Released in June 2010, the album reached number 163 on the Billboard 200 and received critical acclaim. Pitchfork highlighted the album as "Best New Music"; reviewer Mark Richardson wrote that many of the lo-fi idiosyncrasies that characterized his early recordings were eliminated and that careful attention was given to the arrangements: "It turns out that these details make a big difference, even while the album adheres to the hazy overriding aesthetic of Pink's earlier records." The album was soon featured on numerous "best of 2010" lists, and at the end of the year, Pitchfork crowned its lead single "Round and Round" the year's best track.

In 2011, Pink released a 16-minute standalone single, "Witchhunt Suite for WWIII", to commemorate the 10th anniversary of the September 11 attacks. It was a newly recorded version of a track, begun in 2001, that he had sold on CD-Rs during his 2007 tour. In April, he sabotaged his performance at the Coachella music festival by causing feedback with his microphone and refusing to sing; he then left the stage and apologized to the crowd. He later explained that the group had "set up in a new configuration" without consulting him first and that the "whole point of that action was not that I was unstable or anything ... I was hammering the point that I could embarrass the fuck out of them if they didn't listen to me and that this was not a democracy, this was a police state."

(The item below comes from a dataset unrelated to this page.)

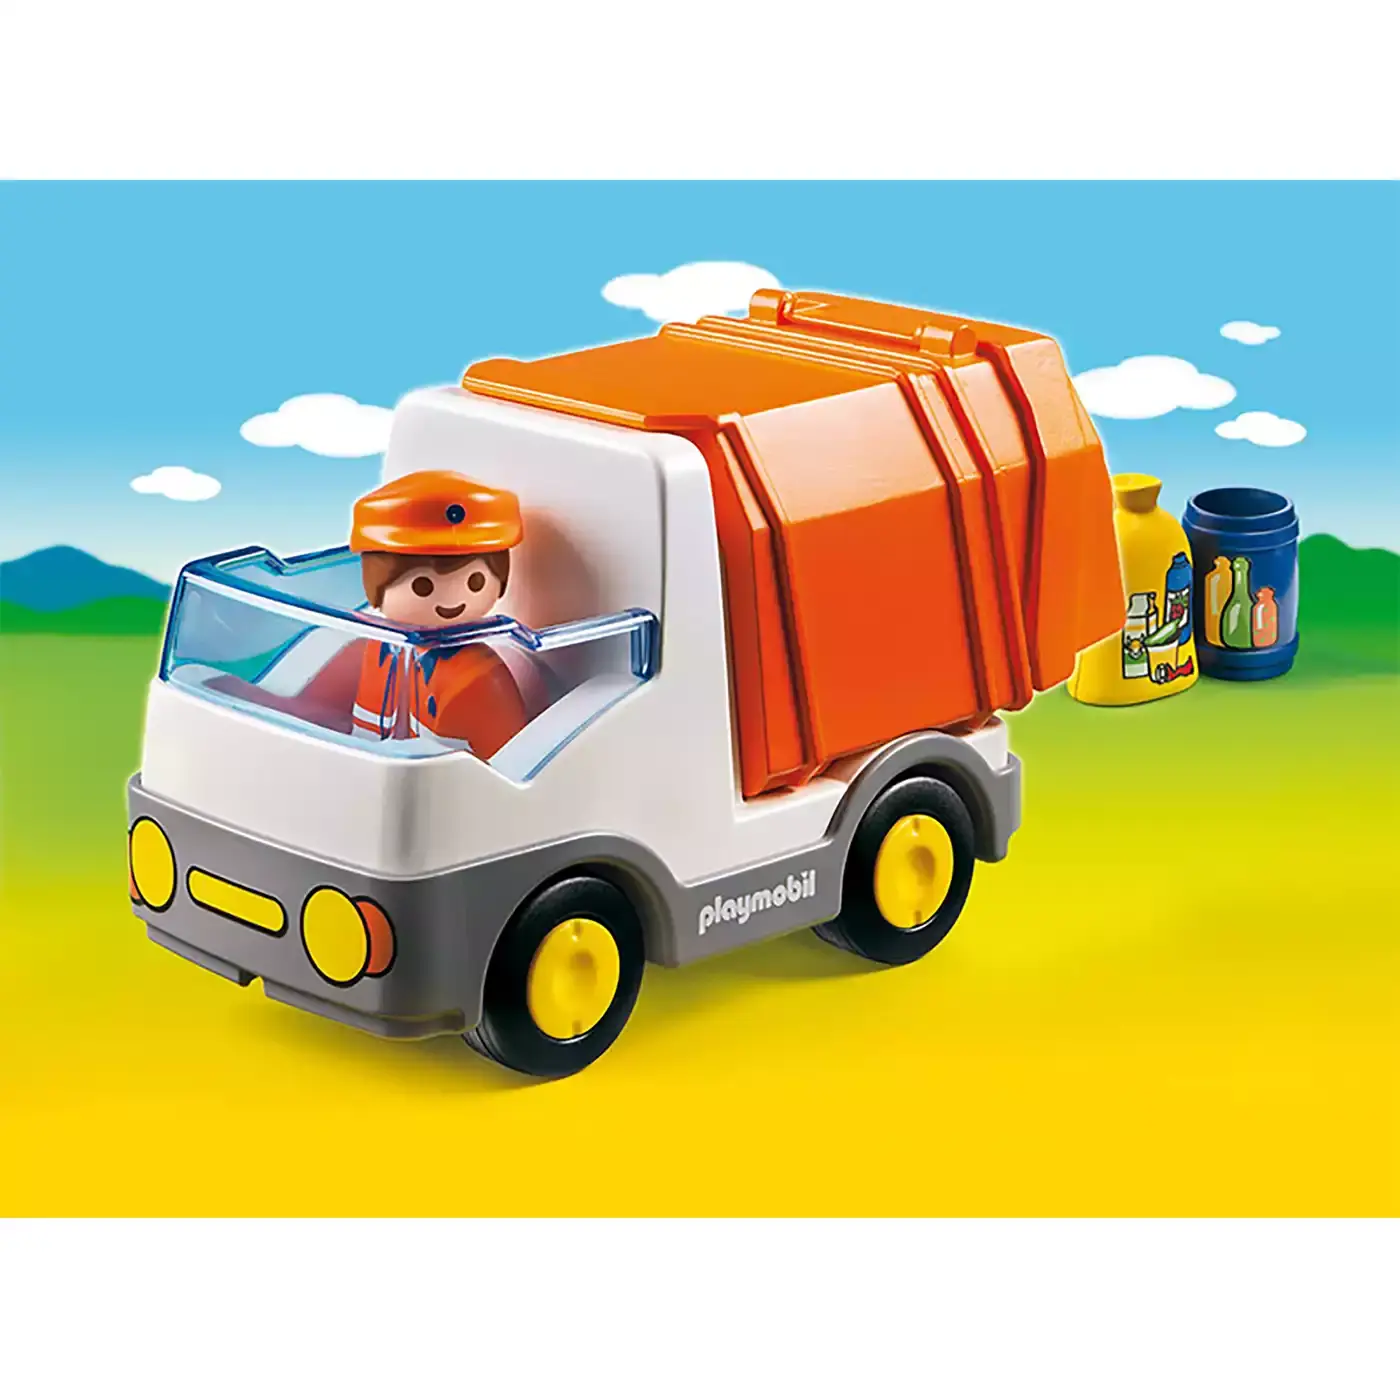 Müllauto 6774 playmobil Orange 2000559025200 1

Pink struggled to keep his band together and later said that Koh and Gilmore threatened to leave if he did not dismiss drummer Aaron Sperske from the line-up. In 2012, Sperske sued Pink and the band for $1 million (~$ in ) after claiming to be "squeezed out" of an established "oral partnership". Pink responded with an announcement on Facebook that the Haunted Graffiti band was over. Afterward, he said, "I could dissolve the band in a second, and I'd do it before I'd let him do that to the [other members of the band.] I put that Facebook post up to see if it would resonate with Aaron." They reached a court settlement in 2013.

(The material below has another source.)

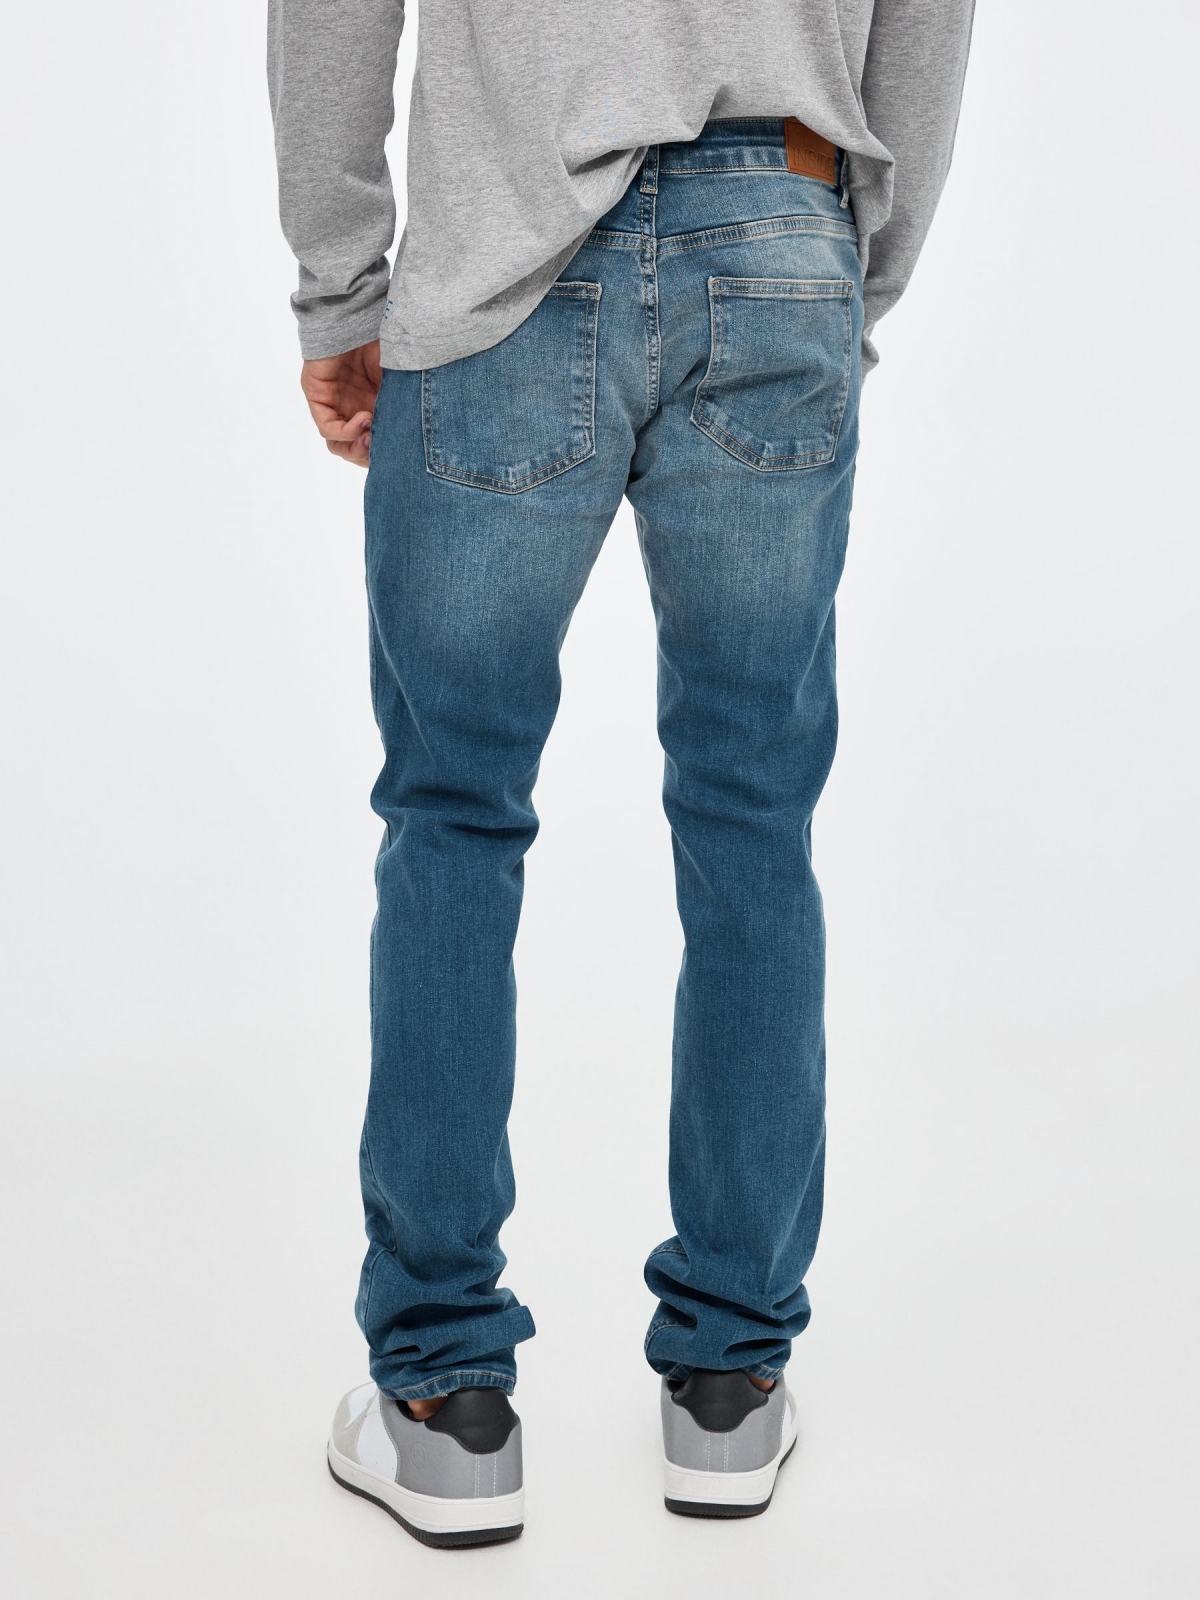 Regular jeans blue middle back view

Mature Themes, the follow-up to Before Today, came in August 2012. Unlike Before Today, the material on the album was newly written especially for the LP. Some critics suggested that its more flamboyant and satirical tone was meant to alienate new fans. (Note: In a 2014 interview, Pink stated: "I'm much more satisfied with having my name entering the lives of new fans rather than making all the old fans happy. I'm much more interested in the 99,9999 % of the population that have never heard of me.") It nonetheless had a slightly higher chart peak than Before Today, at number 136. Pink referred to it as a "breakup album" in some interviews and denied that it was one in others. His ex-girlfriend Geneva Jacuzzi made a cameo appearance in the video for "Only in My Dreams", where she is shown evicting Pink from their apartment. During a magazine photoshoot, photographers asked him to dye his hair bright pink, something he reluctantly went along with "because I do music and I'm speaking to adolescents and I have to own that. I can't be just a grandpa and a sourpuss." He also disagreed with the manner in which 4AD marketed him and his band.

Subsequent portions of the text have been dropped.